Whether a trade secret should be disclosed in discovery can be analyzed under a three-step process:
First, the party resisting discovery must demonstrate that the information sought is a trade secret or is otherwise confidential in nature and that its disclosure would be harmful. If this standard is met, the burden shifts to the requesting party to show that the information is relevant to the subject matter of the case and necessary for trial preparation. Finally, if relevance and necessity are demonstrated, the court must weigh the need for the information against the injury potentially caused by disclosure.Rywkin, supra, 1998 WL 556158, at *3 (among other cases, citing Coca-Cola Bottling Co. v. Coca-Cola Co., 107 F.R.D. 288, 292-93 (D. Del. 1985)). The injury that might result from disclosure is the injury that might happen "under an appropriate protective order." Coca-Cola Bottling Co., supra, 107 F.R.D. at 293.
Here, at the first step, Allstate does not contest the information is a trade secret or that its disclosure would harm Harleysville. At the second step, we have already decided that the information is relevant, and we also decide that it is necessary for trial preparation because it would provide a basis for attacking Donovan's credibility. At the final step, we think the need for the information outweighs the injury that might be caused by disclosure.
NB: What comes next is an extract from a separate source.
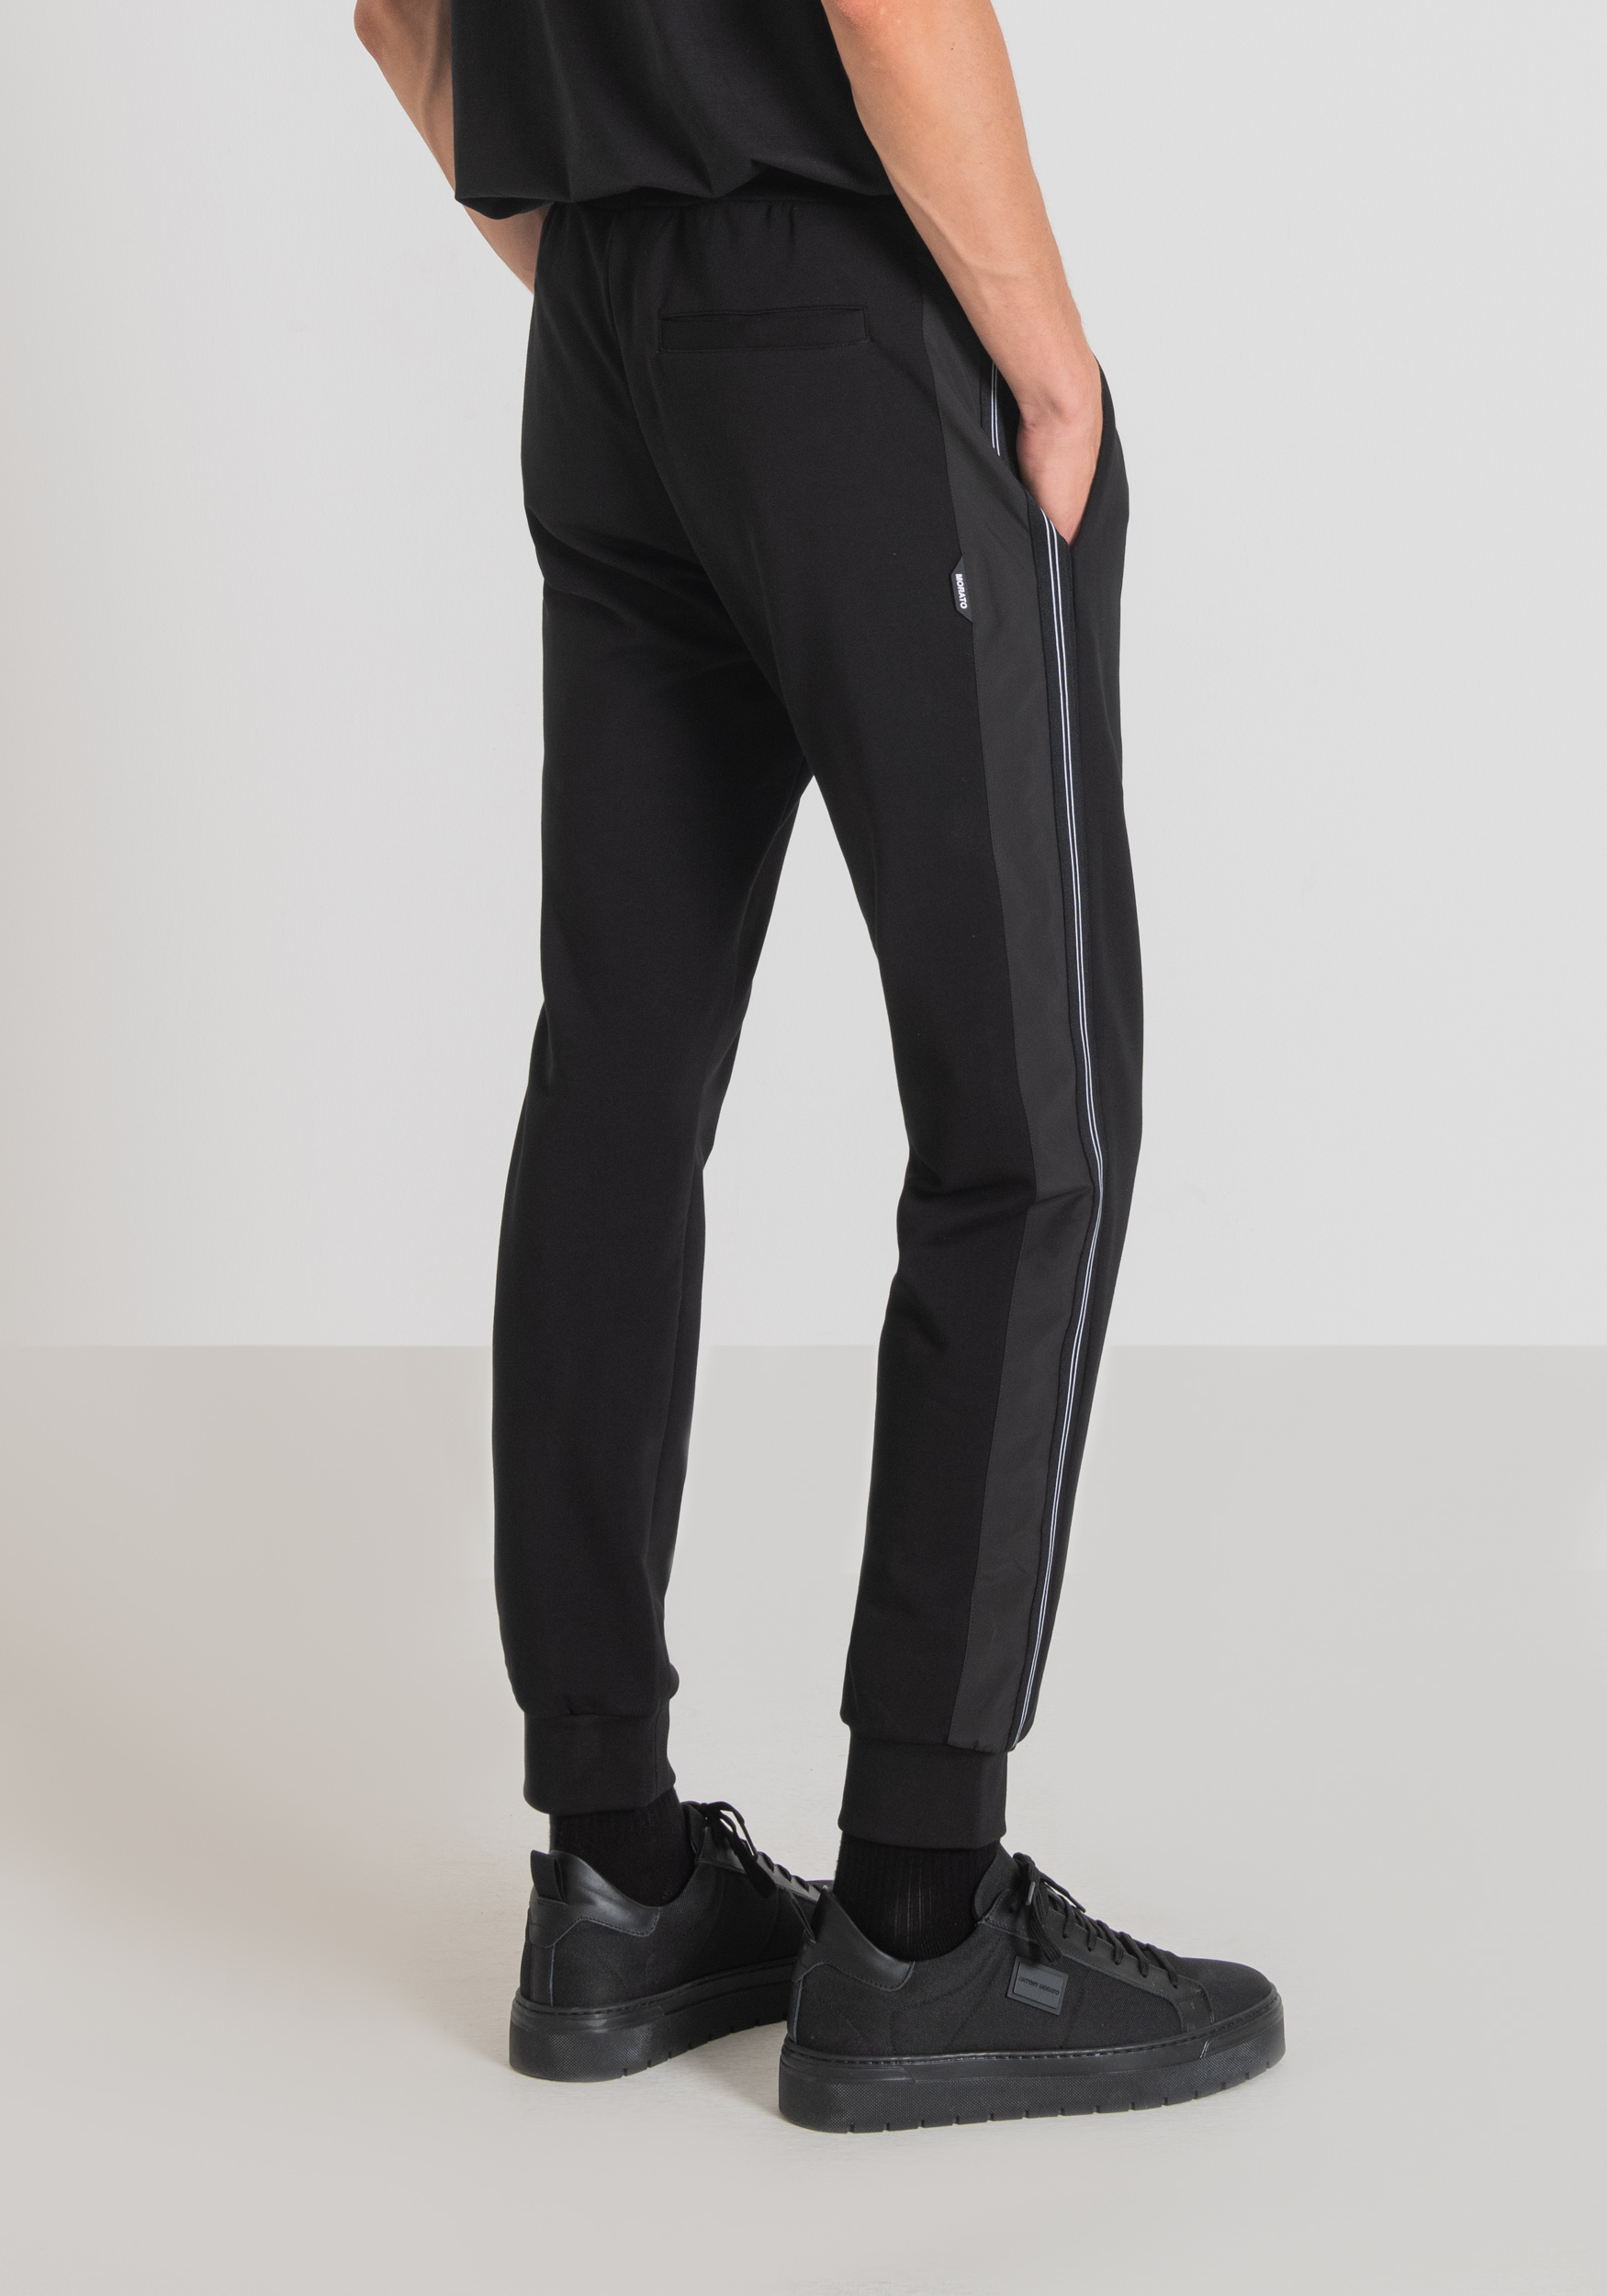 Pantalon jogging slim noir uni type sweat molleton pour homme – MY-LOOK

As noted, Defendant needs it as a way of assessing Donovan's credibility and the accuracy of her opinion. And since injury is determined by what might happen under an appropriate protective order, and Allstate agrees that disclosure may be limited to Allstate's attorneys and not Allstate itself, this last factor counsels in favor of requiring discovery of Harleysville's policies.
We have considered and rejected Harleysville's other argument, that the request should be denied because Allstate cannot show "a substantial need" to obtain the information in this fashion when there is a less burdensome way of obtaining it by questioning Donovan at her deposition about her experience. This is not the test for disclosure of trade secrets.
We will issue an appropriate order.
ORDER
AND NOW, this 3rd day of August, 2007, upon consideration of the motion (doc. 17) of nonparty, Harleysville Insurance Company, to quash the third-party subpoena served upon it by the defendant, Allstate Insurance Company, it is ordered that the subpoena shall be enforced as follows:
1. Harleysville shall produce all documents that describe, or relate to, Sallyane Donovan's positions, job duties and/or job performance while she worked at Harleysville;
2. Harleysville shall produce all performance evaluations and other documents discussing her performance prepared by Robert Lockwood.
3. The documents responsive to paragraphs 4 and 5 may only be seen by Allstate and its attorneys and only for the purposes of this litigation. Before those documents are produced, the parties may agree upon an appropriate protective order.
4. Harleysville shall produce all manuals, procedures, policies, guidelines, or instructions relating to the handling of claims involving forgery or suspected forgery on any policy-related or claim-related document;
5. Harleysville shall produce all manuals, procedures, guidelines, or instructions relating to the handling of claims involving an uninsured motorist (UM) or underinsured motorist (UIM) signdown or rejection form.
6. The documents responsive to paragraphs 4 and 5 need only be produced to Allstate's attorneys. Before those documents are produced, the parties may agree upon an appropriate protective order.